Collections agencies need to provide you with an itemized list of what you owe and to who.
If a hospital gives out this information, especially if they didn’t even try to collect it themselves, they have violated HIPPA.
Will a collections agency give you a document proving they vioated HIPPA? No. Do you owe debts on something w/o receipts? No.
Is this actually true or just something that is technically but not effectively true?
Even a cursory Google proved this one isn’t just wrong, but super wrong.
Patients and their families are contacted by debt collectors about medical bills more than any other type of debt, and it commonly results in negative information appearing on credit records. In fact, in 2021, 43 million people had allegedly unpaid medical bills on their credit reports.
https://www.consumerfinance.gov/about-us/blog/medical-debt-anything-already-paid-or-under-500-should-no-longer-be-on-your-credit-report/#:~:text=Patients and their families are,bills on their credit reports.

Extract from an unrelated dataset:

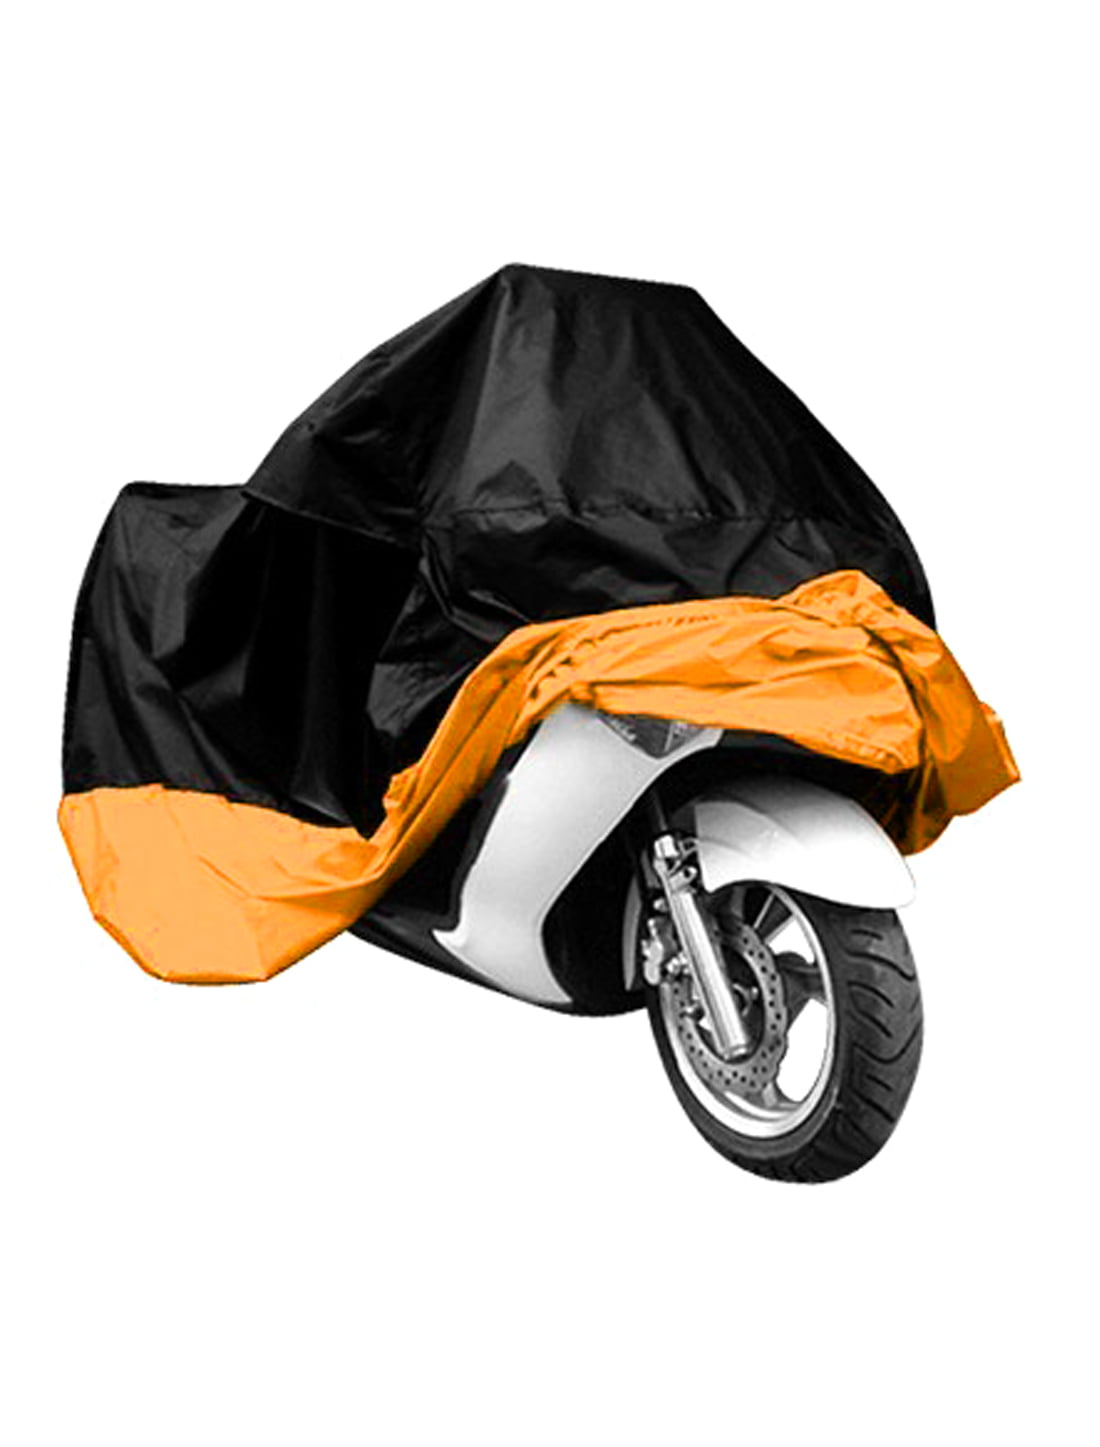 210T Moto Couverture Imperméable la Pluie Anti-UV Couvre-Moto pour Moto Scooter avec Sac 265x105x125cm la poussière la Neige m zimoon Housse Protection pour Moto Couverture Polyester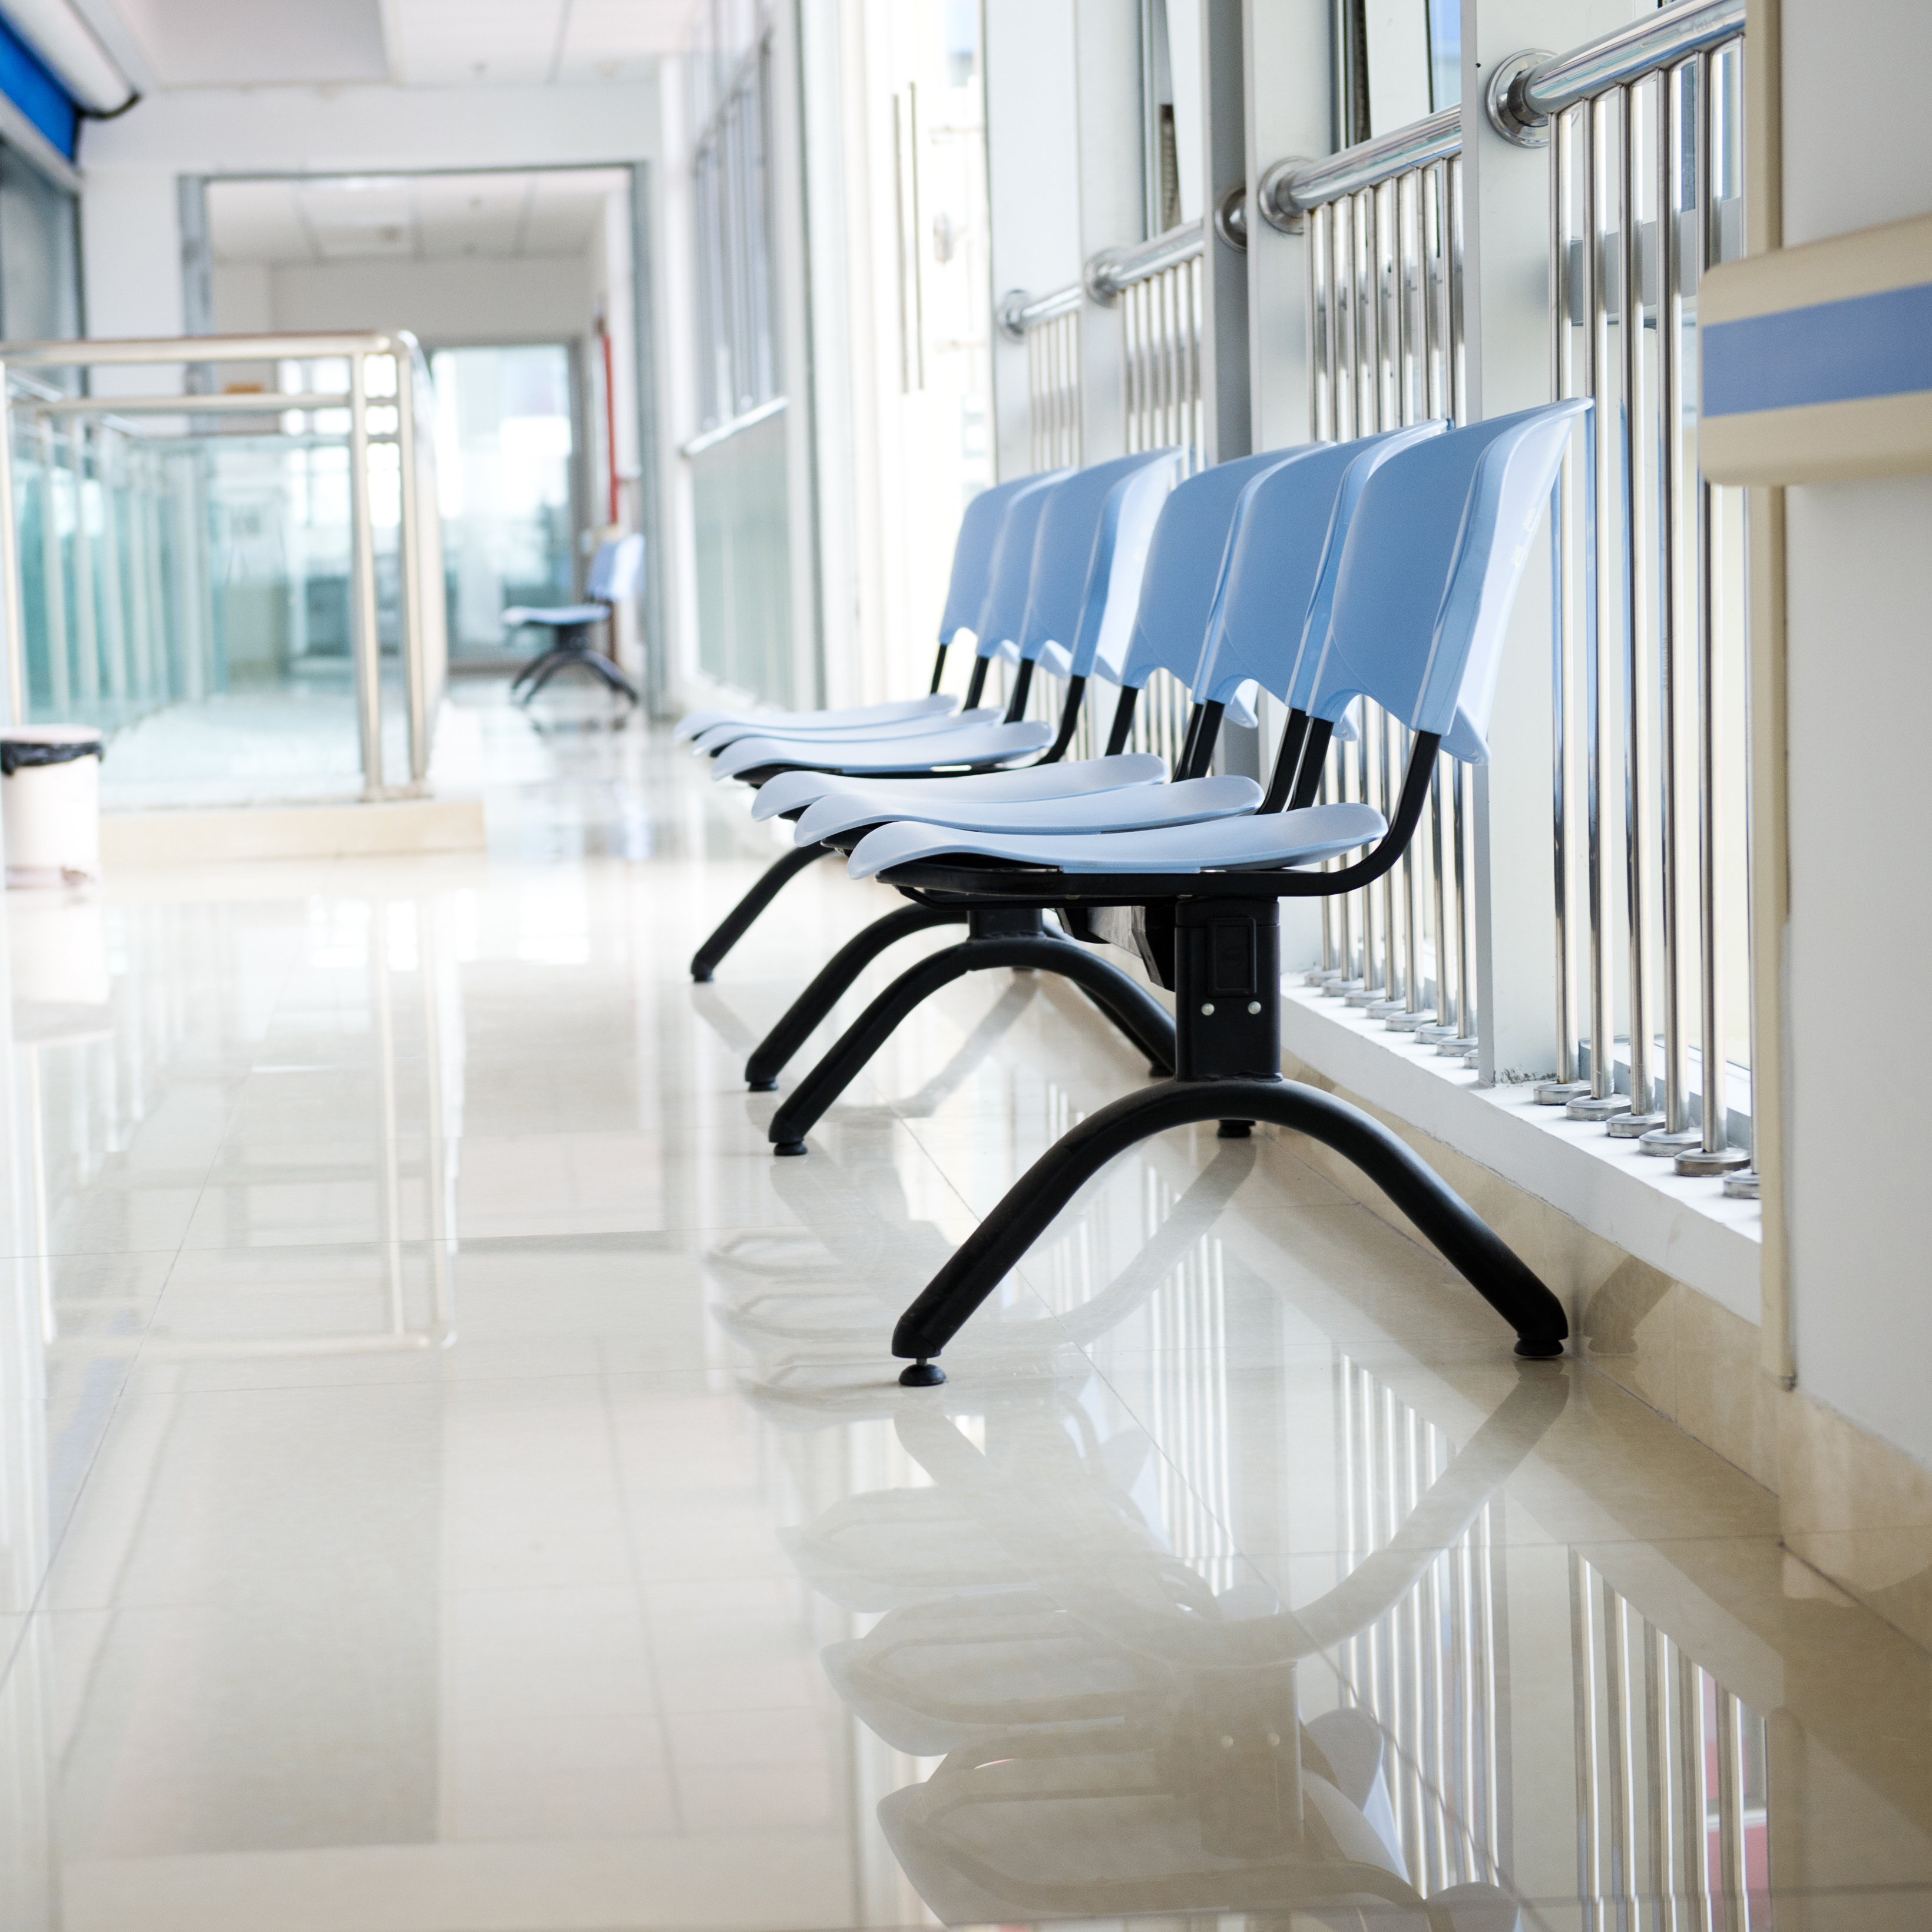 Chaises placées dans un couloir d'hôpital | Source : Shutterstock

Almost certainly flatly untrue. Medical debt in the US goes to collections agencies all of the time. According to the CFPB, consumer credit debt from credit records totals around $88B USD. If this was some sly loophole, someone would have figured it out and won in court by now.
This seems like bad advice at best and actively harmful at worst.
People “win” and get medical debt dismissed all the fucking time. HIPPA doesn’t fuck around.
Think, not a lawyer, it’s not effectively true. Collection doesn’t need medical records, they just need a number to go after. Hell collections don’t even need to prove you have the debt they are going after, they can still go after you. Lots of stories of people paying off debt and still getting calls about it
When you get a bill in the mail from a collections agency you can request that the agency validate the debt, and they will have to formally provide the following information before you are required to repay the debt:
[collection agency’s] name and mailing address
the name of the creditor you owe it to
how much money you owe, written out to include interest, fees, payments, and credits
what to do if you don’t think it’s your debt
your debt collection rights, including your right to get information about the original creditor if you ask for it within 30 days of getting validation information from the collector
This is true. It can’t be sent to collections lol. When it’s sent to collections, it needs to be itemized. The collections agency that “purchases” your collections will require an itemization of what is owed.
Is this a “just trust me bro”, or do you have a reputable source to back up what you’re saying?